LeBlanc said her daughter kept detailed notes of every classroom lecture and as she read the transcripts she became disturbed.
“Really,” she asked. “They can’t call the Holocaust Genocide? I was more upset with that than the lessons on Islam. It made me sick.”
And then came the comparison between the 9-11 hijackers and the freedom fighters.
Madelyn said a young man sitting beside her was stunned.
“He was shocked that we had to call them that,” she told Fox News. “He laughed and asked the teacher, ‘Is that a joke? Are you serious? Why do we have to call them that? That makes it sound okay (what they did) And it’s not.’”
Madelyn said the teacher didn’t know how to respond.
“She said it was something we have to learn for the end of the year testing,” she said. “I’m sure it was very difficult for her to do.”
Madelyn said the lesson about freedom fighters made her feel “terrible.”

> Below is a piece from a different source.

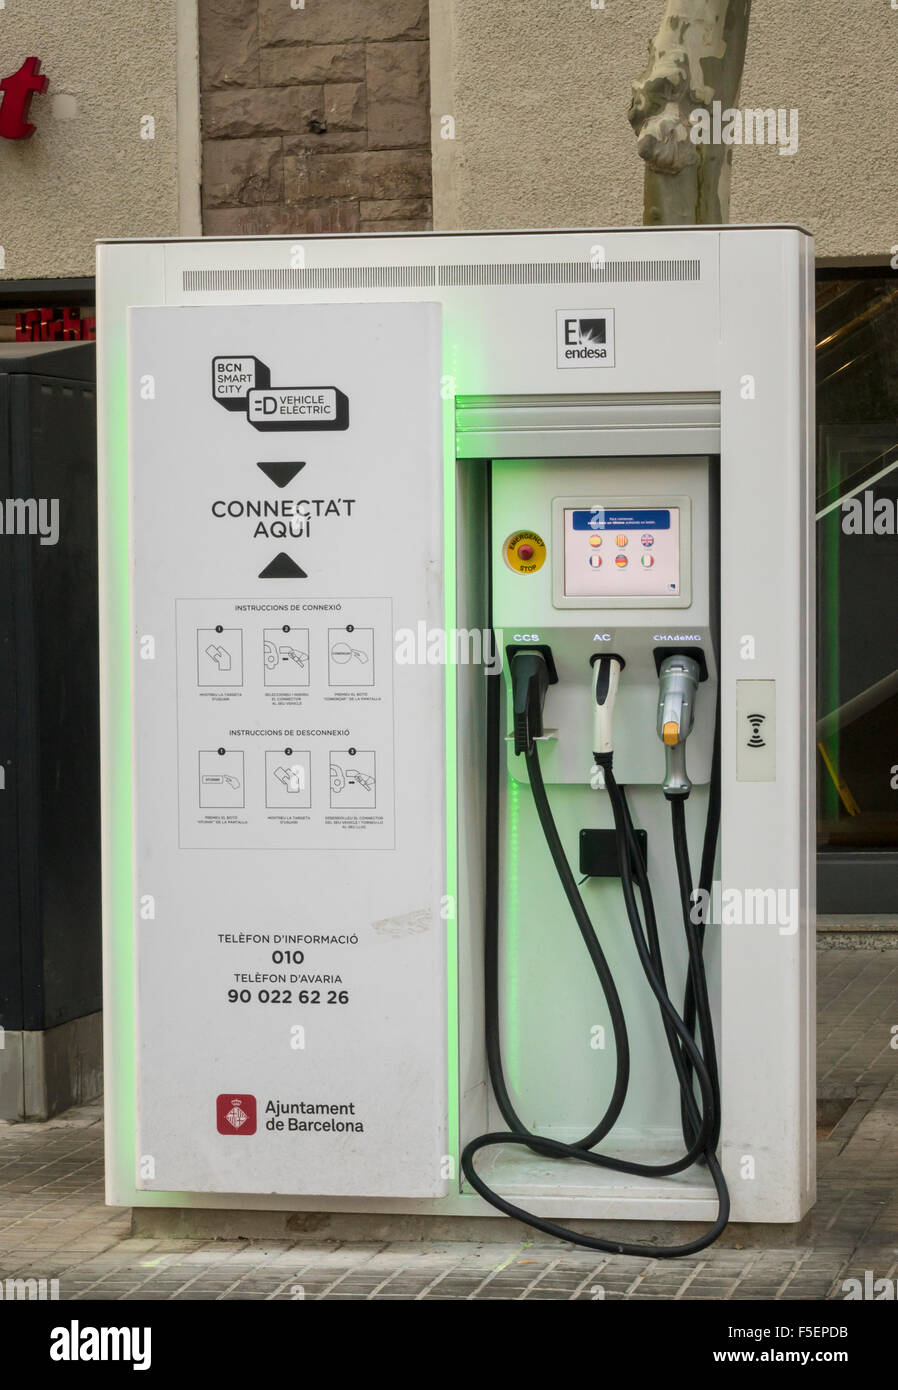 Point de recharge de véhicules électriques gare de Barcelone, Espagne Banque D'Images

“That made it sound like what they were doing was okay,” she said.
The superintendent also defended the lesson on freedom fighters.
“The whole idea behind this particular lesson – do you call yourself a freedom fighter or Islamic jihadist – or whatever it is you want to be called – you’ve got to put things in perspective,” the superintendent said. “We’re trying to teach the kids to discern for themselves that one thing can be called many different things.”
Valastro said it’s important for students to understand context.
“We might see it as terrorism, but from the Islamic side they might call it jihadist or freedom fighter,” he said.
The superintendent said he was not aware of the specific comments made about the 9-11 hijackers – but conceded there was only one side to the attack.
“I do agree it was a terrorist attack,” he said. “But in several classes across this country, you’re going to have a make-up of students from all over the world in your class. We teach it as an act of terrorism – whereas they are teaching it to their kids as a revolutionary event.”
LeBlanc said she was especially bothered by the lack of emphasis on other religions. She said there were hardly any lessons on Judaism and none on Christianity.
“I wondered how it was okay for them to go so in-depth into a religion from the other side of the world but it was not okay for them to be like that with Christianity,” she said.
“I try to stay open-minded,” she said. “I don’t want my daughter to be ignorant about the world. My kids watch the news with us. We make them aware. I don’t even mind the high school teaching these things.”
But, she added, there was no balance.
“They can talk about how important Mecca is – but why aren’t they talking about how important Christianity was to the founding of the nation,” she asked.
LeBlanc and other parents said they feel betrayed.
“We trusted these people,” she said of the school system. “It scares me. I feel like our school is being infiltrated. How can this not be a sign? We’re talking about Lumberton, Texas. We’re talking about a small town with Christian churches on every street corner. Right in our small school this is going on.”